Pak Media Virtually Blacks Out David Headley’s Revelations
ISLAMABAD: David Coleman Headley, a Pakistan-born American national who helped plot the deadly Mumbai terror attack in 2008, has testified that that he visited India seven times before the attacks to scout potential targets for his handlers in Pakistan. During the deposition,
Headley repeated the statements he had made earlier in 2011 while testifying in a US court – he said that Pakistan’s main spy agency, the ISI, was involved in planning and executing the attacks which lasted for three days and left 166 people dead.
The news of David Headley’s deposition met with a rather cold response in Pakistani newspapers and electronic media. While a couple of Urdu and English newspapers carried the news, almost all the leading television channels in Pakistan gave no or very little coverage to Headley’s testimony in which he more or less repeated what he had already told a US court.
There could be a couple of reasons behind the snubbing of Headley’s deposition by Pakistani media at large. One is that David Headley, formerly known as Syed Daood Gilani, was never given any significant coverage in Pakistani media even when he was being tried in a US court where he first stated that Pakistan’s Inter-Services Intelligence Agency provided financial, military and moral support to terrorist organisations such as the Lashkar-e-Taiba, Jaish-e-Mohammad and Hizbul Mujahideen. Pakistan, remember, has always insisted that the ISI has no links to Lashkar-e-Taiba and has categorically denied a connection of “state actors” to the Mumbai attacks.
The other reason which might have kept Headley’s deposition out of the headlines in Pakistan is that it contained nothing new apart from the revelations made by Mr Headley during Monday’s hearing that that two failed attempts to carry out terror attacks in Mumbai were made in September and October 2008.
Last but not the least, any statement directly accusing Pakistan’s powerful intelligence agency ISI of planning and executing a terror attack would be deemed as anti-Pakistan material among Pakistani media and ultimately won’t see the light of day in Pakistan.
The only notable reaction came from the then interior minister of Pakistan, Rehman Malik. Talking to reporters in Islamabad, he claimed that David Headley was an agent hired by Indian intelligence agency RAW and that India itself was involved in the 26/11 attacks. While these claims would sound outrageously absurd to many readers on both sides of the border, Mr Malik could not care less about that.
While declaring David Headley a RAW agent, Rehman Malik, who now chairs a committee on interior and narcotics control in Pakistan’s Senate (the upper house of parliament), also questioned India’s intelligence failure, pointing out that the terrorist entered India repeatedly without any problems and spent two years photographing and filming potential targets.

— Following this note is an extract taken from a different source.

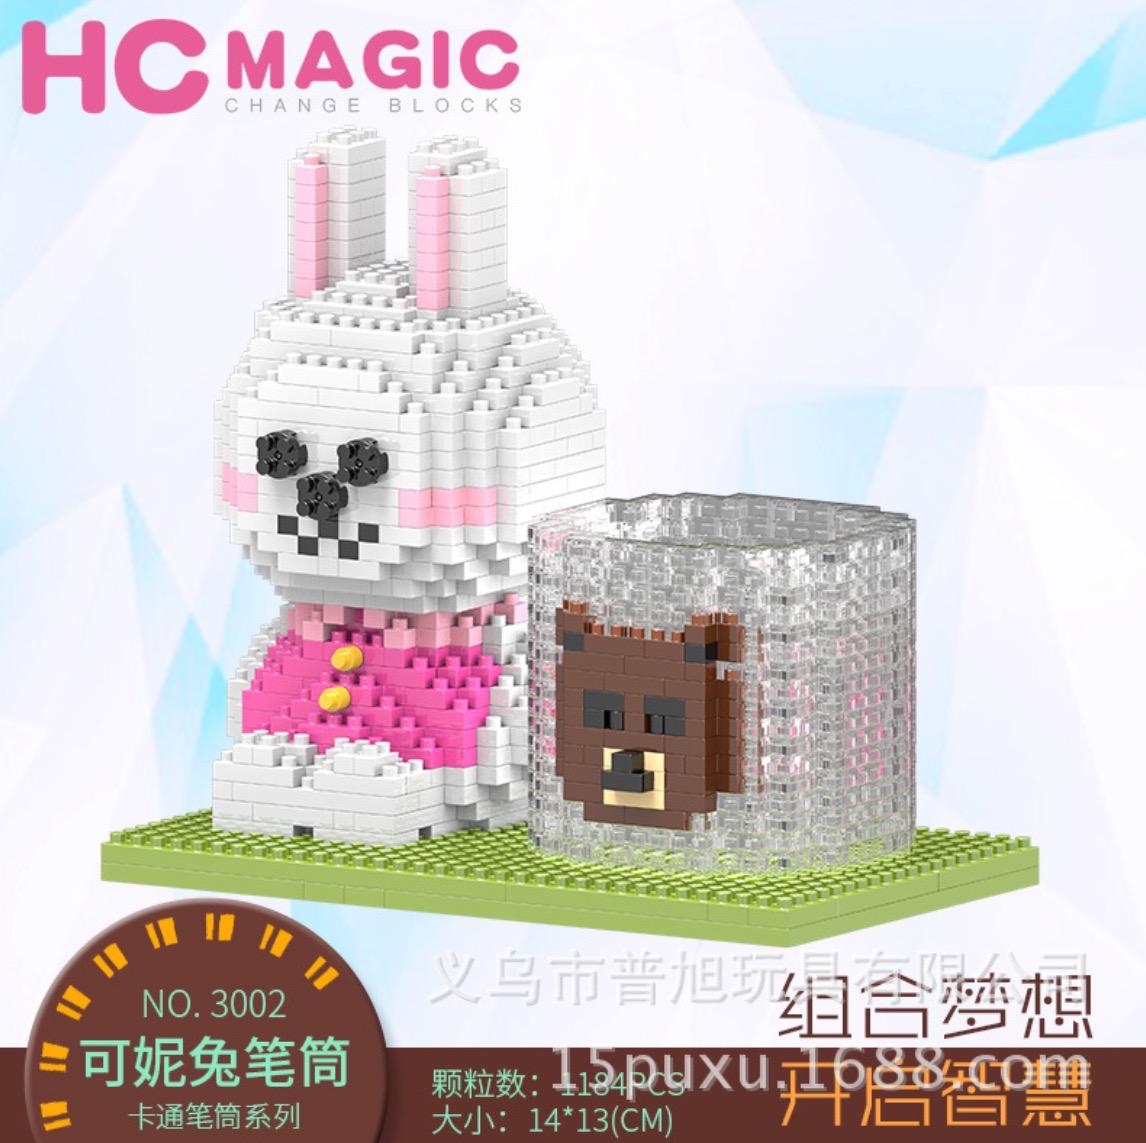 นาโนบล็อค LINE Cony / HC Magic 3002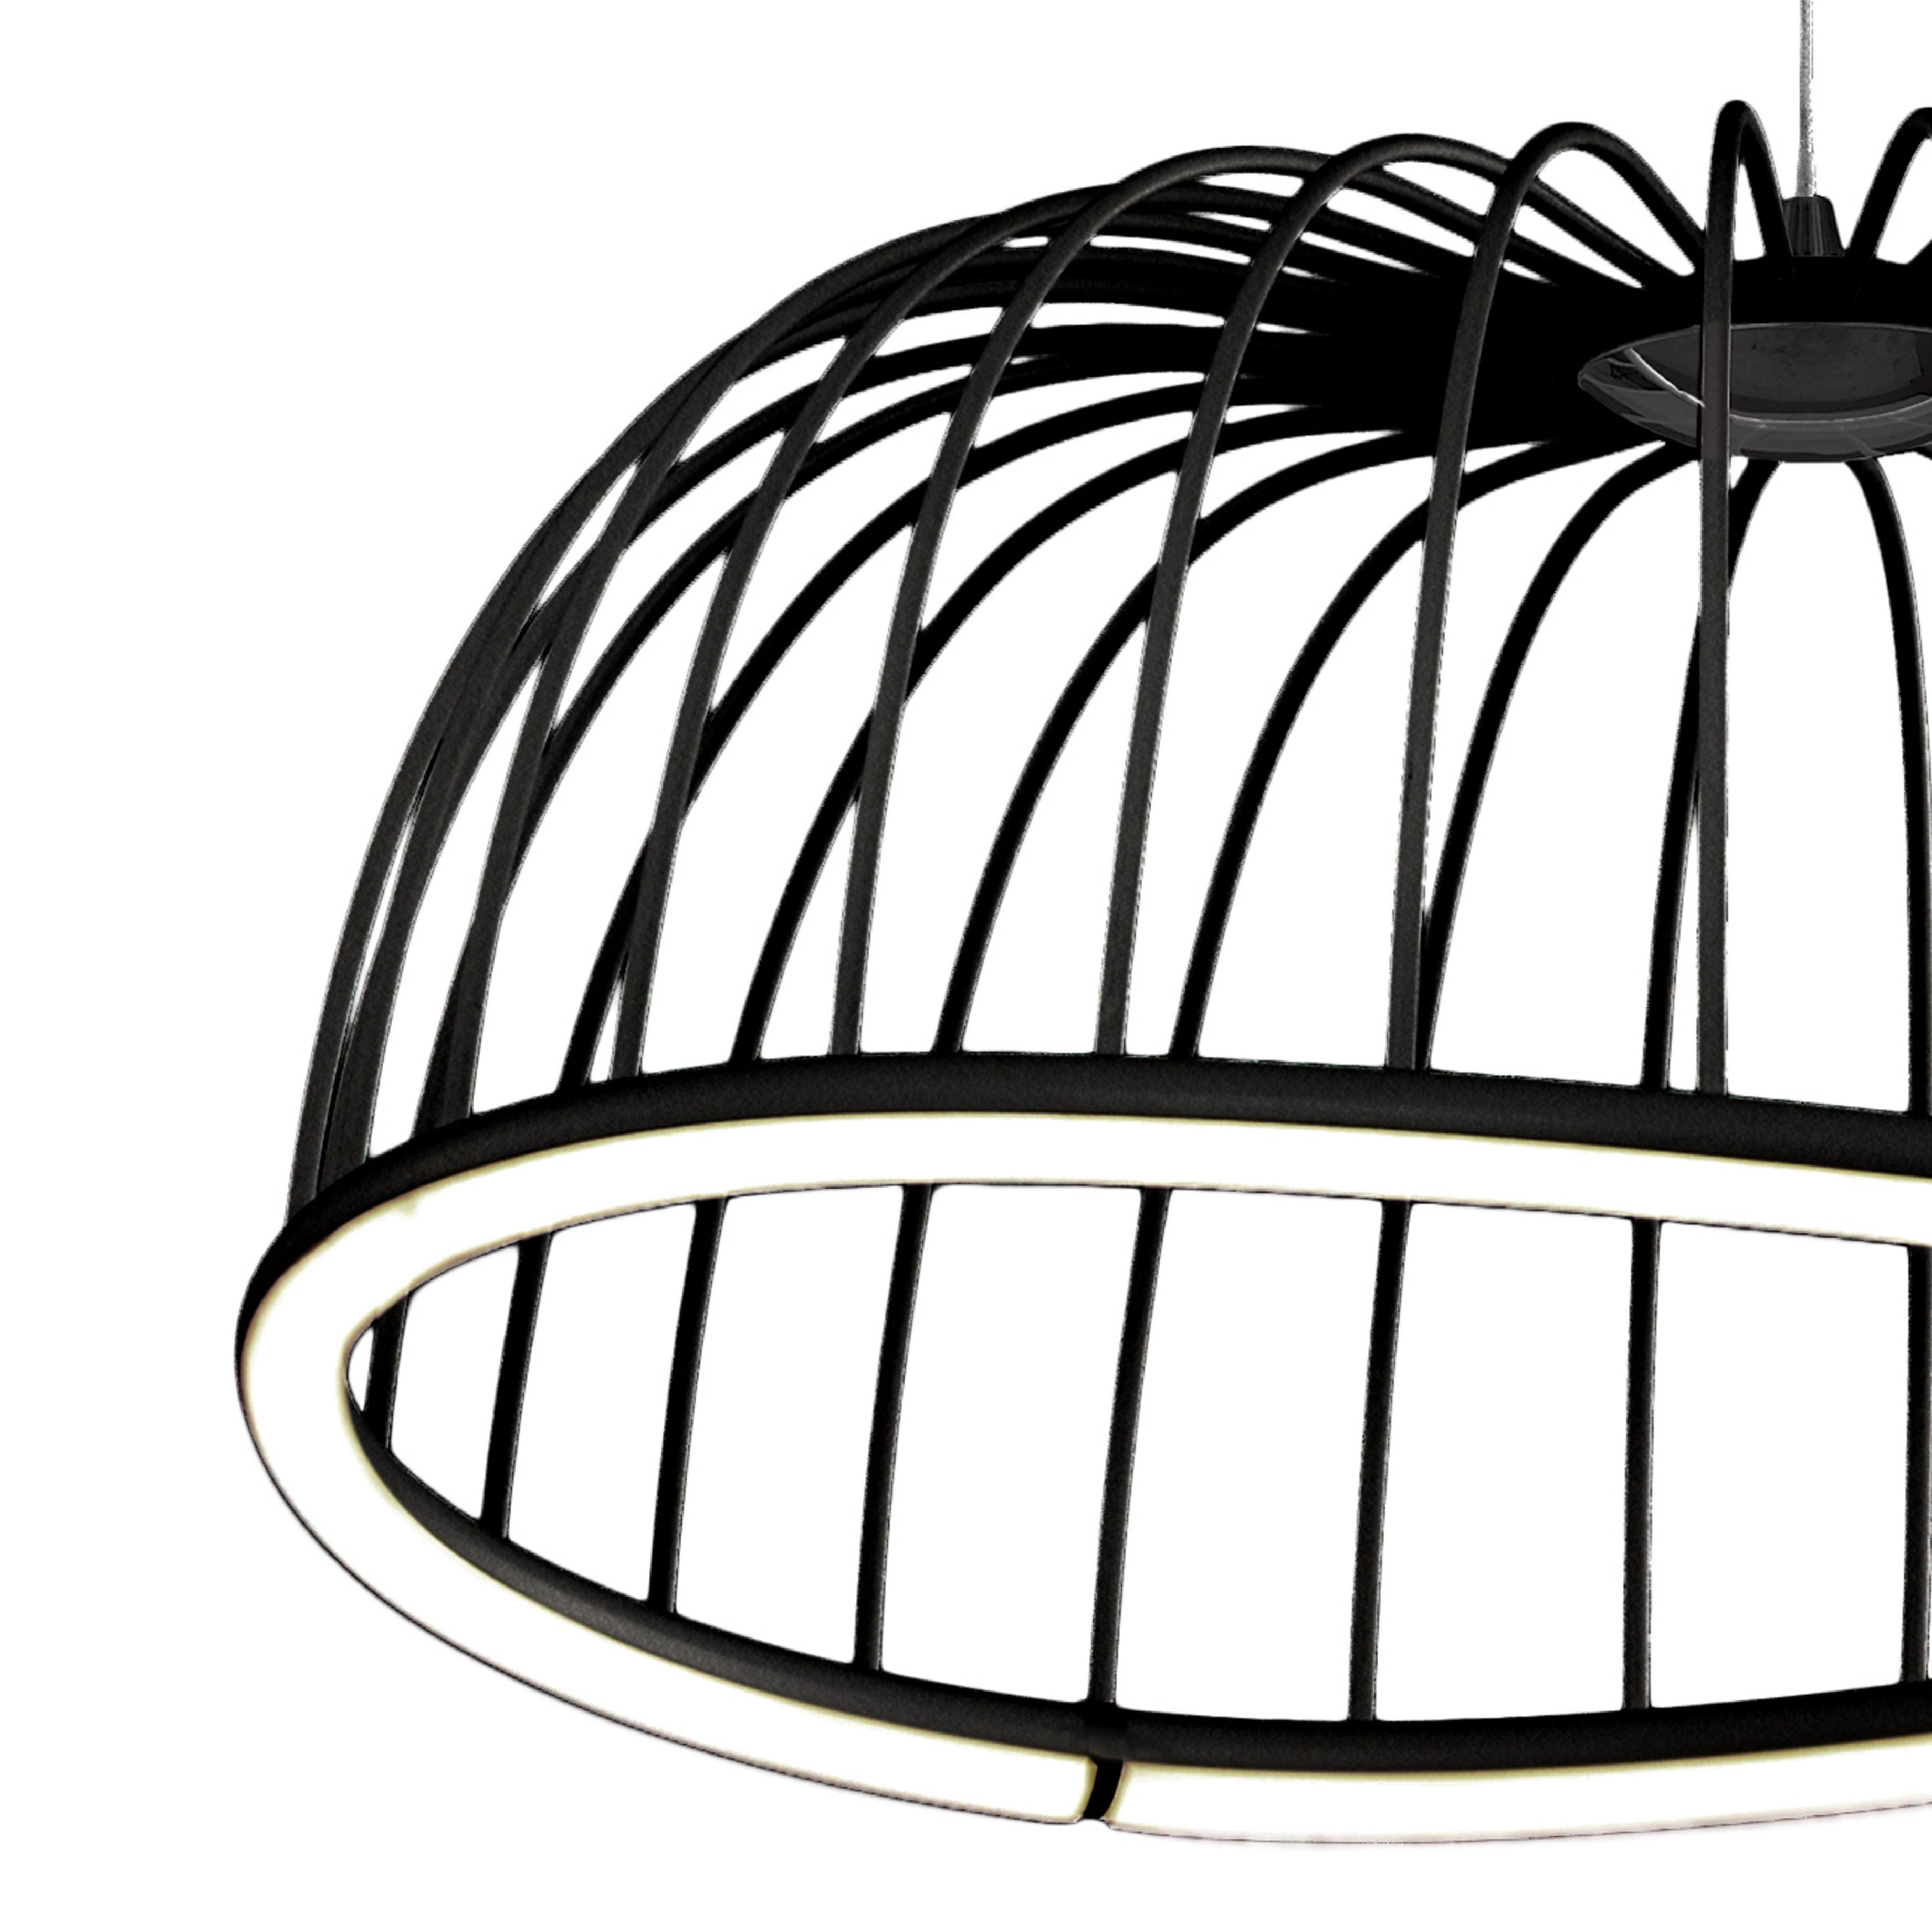 Подвесной светодиодный светильник Mantra Celeste 6684, LED 30W 3000K 2100lm, черный, металл - фото 3

India has long sought Mr Headley’s deposition in a bid to establish a direct connection between the Pakistani authorities and the deadly attacks in Mumbai.
It has alleged this clearly and submitted evidence, but the Headley statements will help generate pressure on the Pakistani government to take action against those who masterminded the Mumbai attacks. Zaki-ur-Rehman Lakhvi, one of the main accused in 26/11 and a commander with the outlawed militant group Lashkar-e-Taiba, was freed from jail last year.
Lashkar founder Hafiz Saeed, who moves freely throughout the country, recently praised the Pathankot air base attack and warned of others like it while addressing a public rally in Muzaffarabad.
David Headley’s deposition has come at a time when Pakistan has just given a clean chit to Masood Azhar, chief of the outlawed militant group Jaish-e-Muhammad, in the Pathankot attack
According to media reports in Pakistan, the investigators termed evidence provided by India insufficient and claimed that some lower-rung members of the Jaish could be behind the terror attack on the Indian airbase last month. Earlier, Pakistan had told Delhi that cell phone numbers submitted as evidence by Indian
authorities had no record in the country.